Each time, Jewish voices ask: Can’t something be done?  You may find the answer disouraging.

No matter how vile, how repugnant, how twisted the messages of the Goyim Defense League and others of their ilk, the First Amendment of the Constitution of the United States provides broad protection for hate speech.

“The proudest boast of our free speech jurisprudence is that we protect the freedom to express ‘the thought that we hate,’” U.S. Supreme Court Associate Justice Samuel Alito wrote in the 2017 case Matal v. Tam.

“Hate speech is protected speech,” said Aaron Ahlquist, a lawyer and director of policy for the Southern Division of the Anti-Defamation League.

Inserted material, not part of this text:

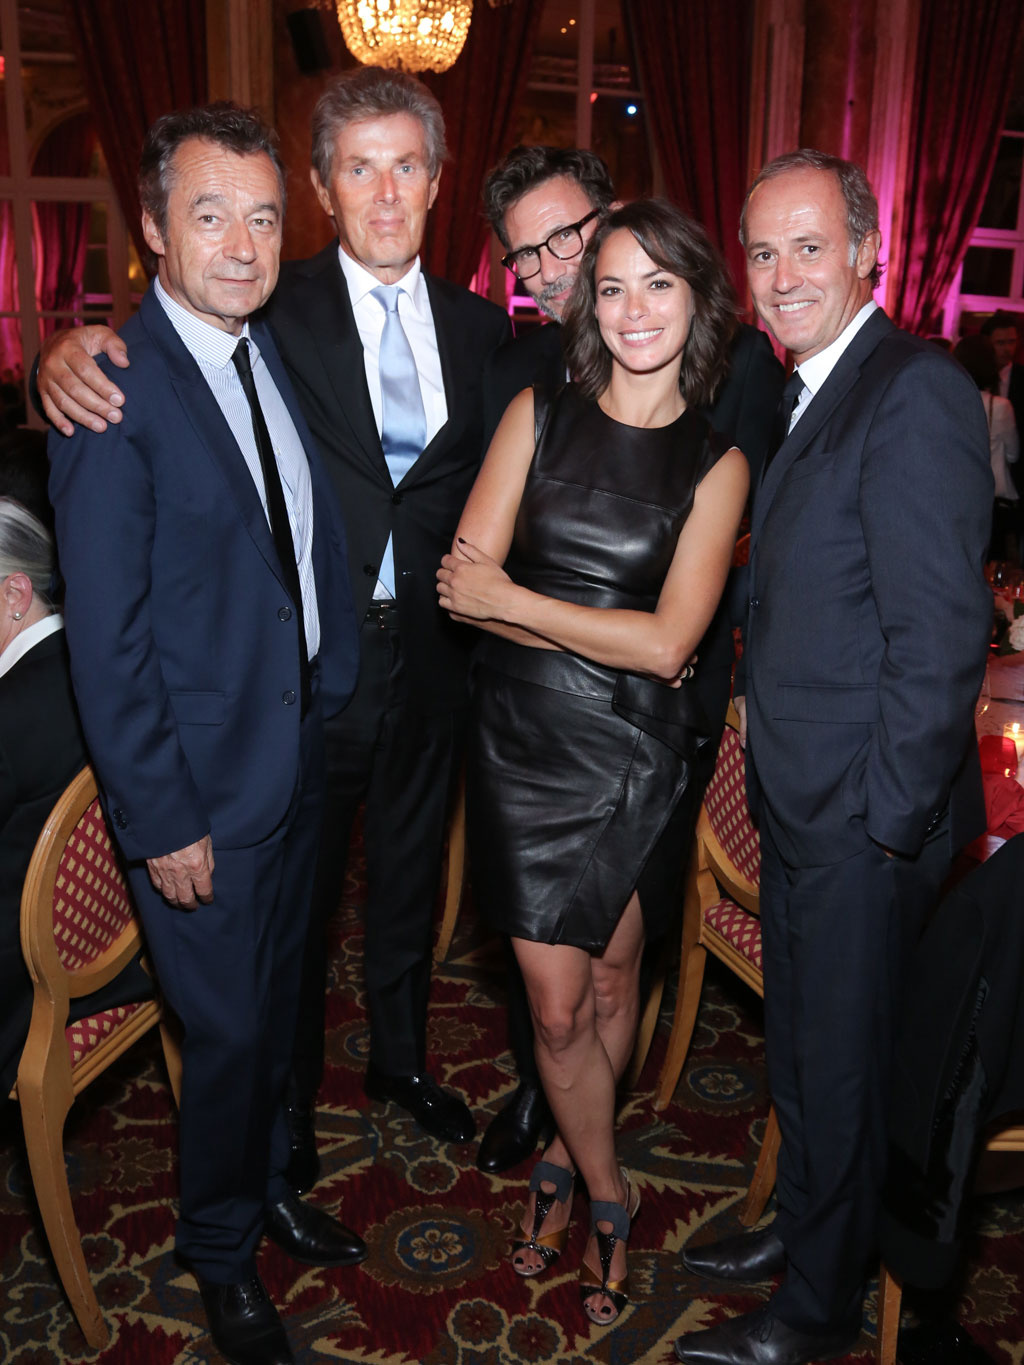 Berenice Bejo attended the opening ceremony of the 40th Annual Deauville American Film Festival

“There are lines that can’t be crossed. They’re really good at knowing where those lines are,” Ahlquist said of groups pushing their anti-Jewish narrative. Taking care to throw flyers on random driveways or placing them on the windshields of random vehicles in a parking lot provides cover for an accusation of targeting Jews.

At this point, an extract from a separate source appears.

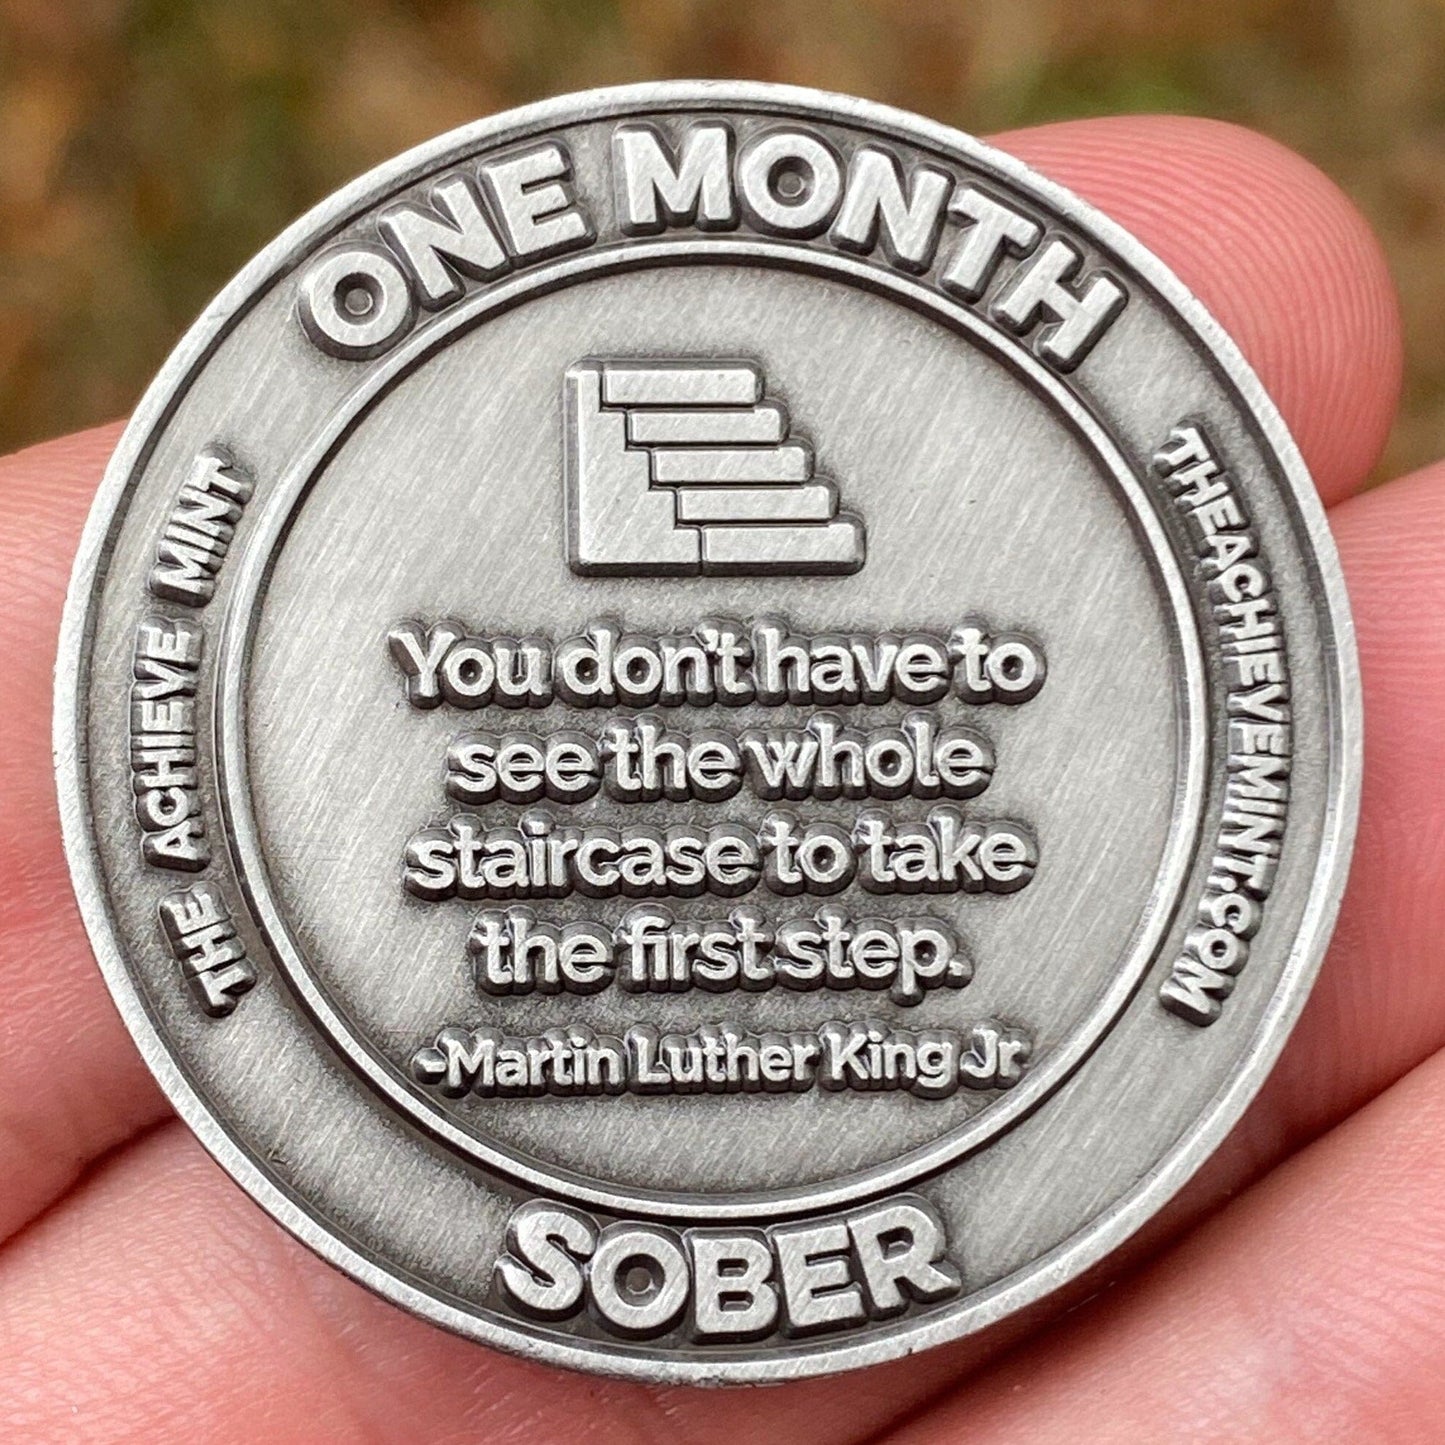 One Month Sober sobriety coin - The Achieve Mint

“Targeting an individual or individual group crosses the line into harassment. Targeting carries that intent piece, Ahlquist said. “Generally, their defense is, we treated everybody the same. They’re very careful in the language that they use to describe their activity.”

There are lines that can’t be crossed. They’re really good at knowing where those lines are,” Ahlquist said of groups pushing their anti-Jewish narrative. Taking care to throw flyers on random driveways or placing them on the windshields of random vehicles in a parking lot provides cover for an accusation of targeting Jews.

What about Georgia’s hate crime law?

“Hate crimes prosecution requires both an underlying crime and the ability to show intent that the action was based on some kind of bias motivation,” Ahlquist said.

Ahlquist and Panitch, who is a veteran criminal defense attorney, said that the best tools currently available may be municipal ordinances against littering, trespassing, permitting, and public safety — which may sound like throwing a toothpick into a tornado — and speaking up.

In her Sunday morning Twitter post, Panitch said: “Govern yourselves accordingly, GDL and Anti-Semites who seek to harm/intimidate Jews in Georgia. I’m coming for you with the weight of the State behind me.”

The Goyim Defense League may have improved the prospects for including a definition of antisemitism in Georgia’s legal code, to aid state agencies and prosecutors in determining whether an alleged crime or discrimination was motivated by anti-Jewish intent.

Flanked by two dozen or more supportive colleagues, Panitch concluded her remarks on the House floor by saying: “We need your help. We’ve had enough. We hope you have, as well. We know you stand with the Jewish community. We know you stand with the Jewish people against hate in Georgia. I’m heartened by all the love and support I have felt this morning. We all know, it might be the Jews today, but the same people will come after you tomorrow.”